"Victor Bazarov" <v.********@comAcast.net> wrote in message
news:H7********************@comcast.com...
ma740988 wrote:
See "the Rule of Three".
The rule of three can be understood, as I've done in the past, as "don't
define operator= if the class consists only of members that take care of
themselves."
With "taking care of themselves," I mean classes that define proper copy
constructors and assignment operators, which work correctly. Further, let's
take "working correctly" here as copying and assigning successfully.
Propagating exceptions should be fine too, if the object is left in a
consistent state. For example, std::string is such a class.
If one applies the guidelines as above, and believes that their class will
work correctly even if a member's operator= can throw, they might be dealing
with corrupt objects.
I think that the rule of three must go with an addition:
- Observe the rule of three (If any one of the three special functions needs
to be defined, chances are you will have to at least declare the other two)

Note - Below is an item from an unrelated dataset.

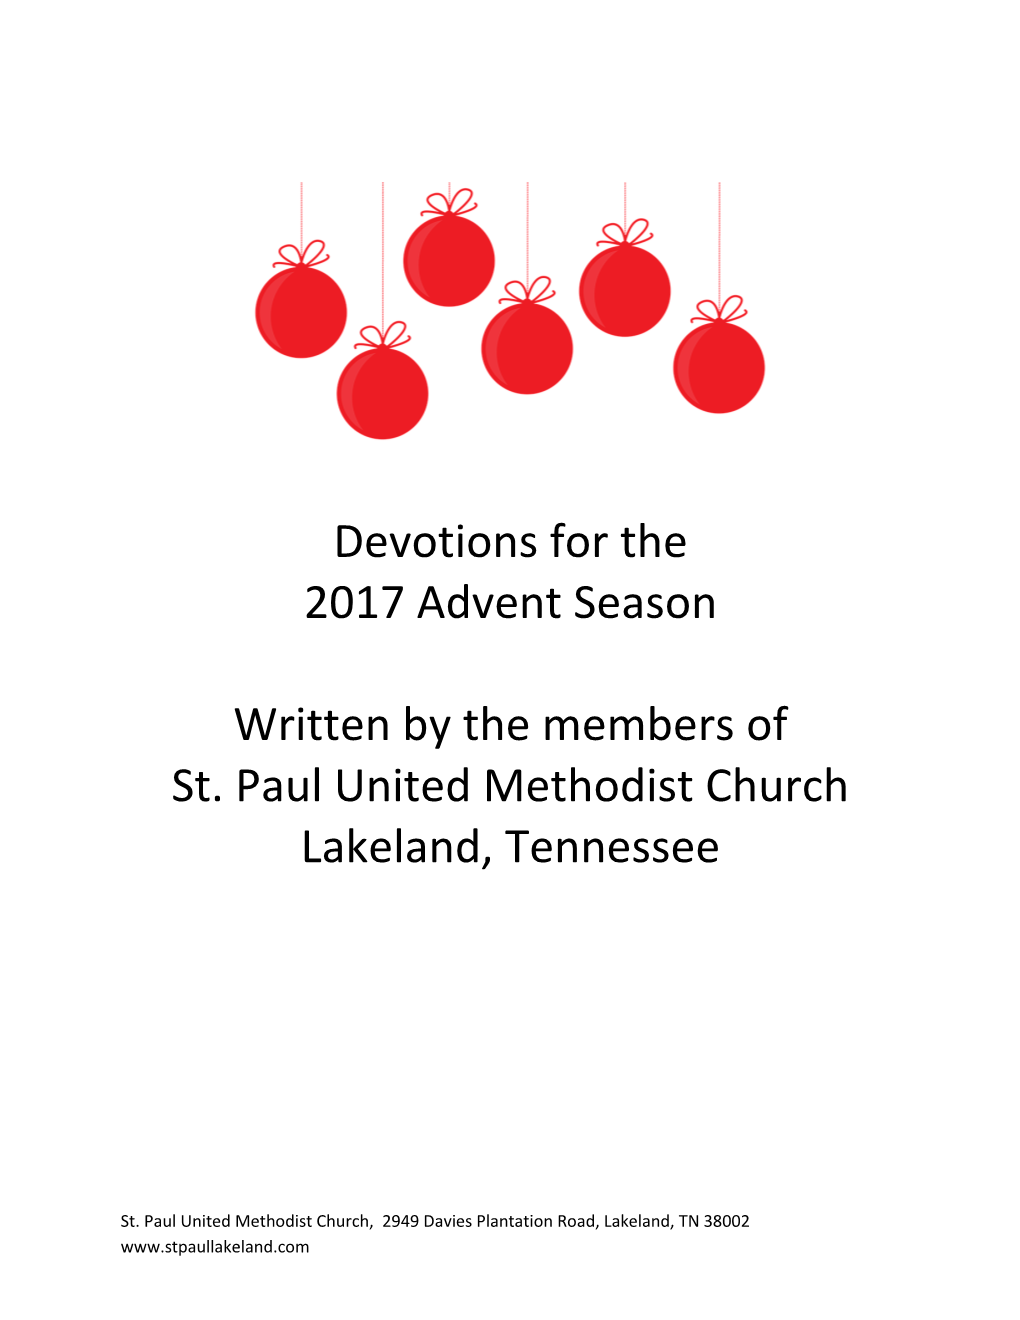 Devotions for the 2017 Advent Season Written by the Members of St. Paul

- Additionally, if you want your objects be in a consistent state if a
member throws, always define operator=.
I've run a simple program to analyze what happens during the execution of
operator= when different operations throw or not and when operator= is
implicit or explicit.
A: a class without any members
B: a class that contains two std::strings and an A that is deliberately
defined between two strings
class B
{
string first_;
A a_;
string last_;
/* ... */
};
The legend for the table below:
completes: The operation completes successfully
throws: The operation is interrupted with an exception
implicit: The compiler generated operator= is used
explicit: operator= is defined by the user
new: The object gets the new state
old: The object is left in the old state
corrupt: The state of the object is corrupt
The results are:
A::A(A) A::operator=(A) B::operator=(B) | B's state
------------------------------------------------------|------------
completes completes implicit | new
throws completes implicit | new
completes throws implicit | corrupt
throws throws implicit | corrupt
completes completes explicit | new
throws completes explicit | old
completes throws explicit | new
throws throws explicit | old
What I digest from these results is:
1) If you leave operator= to the compiler (implicit) you may end up with a
corrupt object if operator= of a member throws
2) If you define operator= yourself (explicit) you may be left with the old
state
3) Otherwise you will get the new state
As a result, operator= is even more special that the other two, in that, it
prevents having an inconsistent object.
Here is the program I used to test these:
#include <iostream>
#include <string>
using namespace std;
// Comment-out or keep combinations of these macros to see the
// behavior for each case
// #define A_COPY_THROWS
// #define A_ASSIGNMENT_THROWS
// #define B_ASSIGNMENT_EXPLICIT
class A
{
public:
A()
{}
#if defined(A_COPY_THROWS)
A(A const &)
{
throw 42;
}
#endif
#if defined(A_ASSIGNMENT_THROWS)
A & operator= (A const &)
{
throw 42;
}
#endif
void swap(A & other)
{}
};
class B
{
string first_;
A a_;
string last_;
friend ostream & operator<< (ostream &, B const &);
public:
explicit B(string const & value)
:
first_(value),
last_(value)
{}
bool operator== (B const & other) const
{
return ((first_ == other.first_)
&&
(last_ == other.last_));
}
#if defined(B_ASSIGNMENT_EXPLICIT)
B & operator= (B temp)
{
swap(temp);
return *this;
}
#endif
void swap(B & other)
{
first_.swap(other.first_);
a_.swap(other.a_);
last_.swap(other.last_);
}
};
ostream & operator<< (ostream & os, B const & b)
{
return os << b.first_ << ' ' << b.last_;
}
bool check_B_invariant(string const & label, B const & lhs, B const & rhs)
{
cout << label << ": ";
cout << "comparing " << lhs << " with " << rhs << '\n';
if ( ! (lhs == rhs))
{
cout << "NO ";
}
cout << "match\n";
}
int main()
{
B zero("0");
B b0("0");
B b1("1");
check_B_invariant("before", zero, b0);
try
{
b0 = b1;
check_B_invariant("completed", b0, b1);
}
catch (...)
{
check_B_invariant("caught exception", b0, zero);
}
}
Ali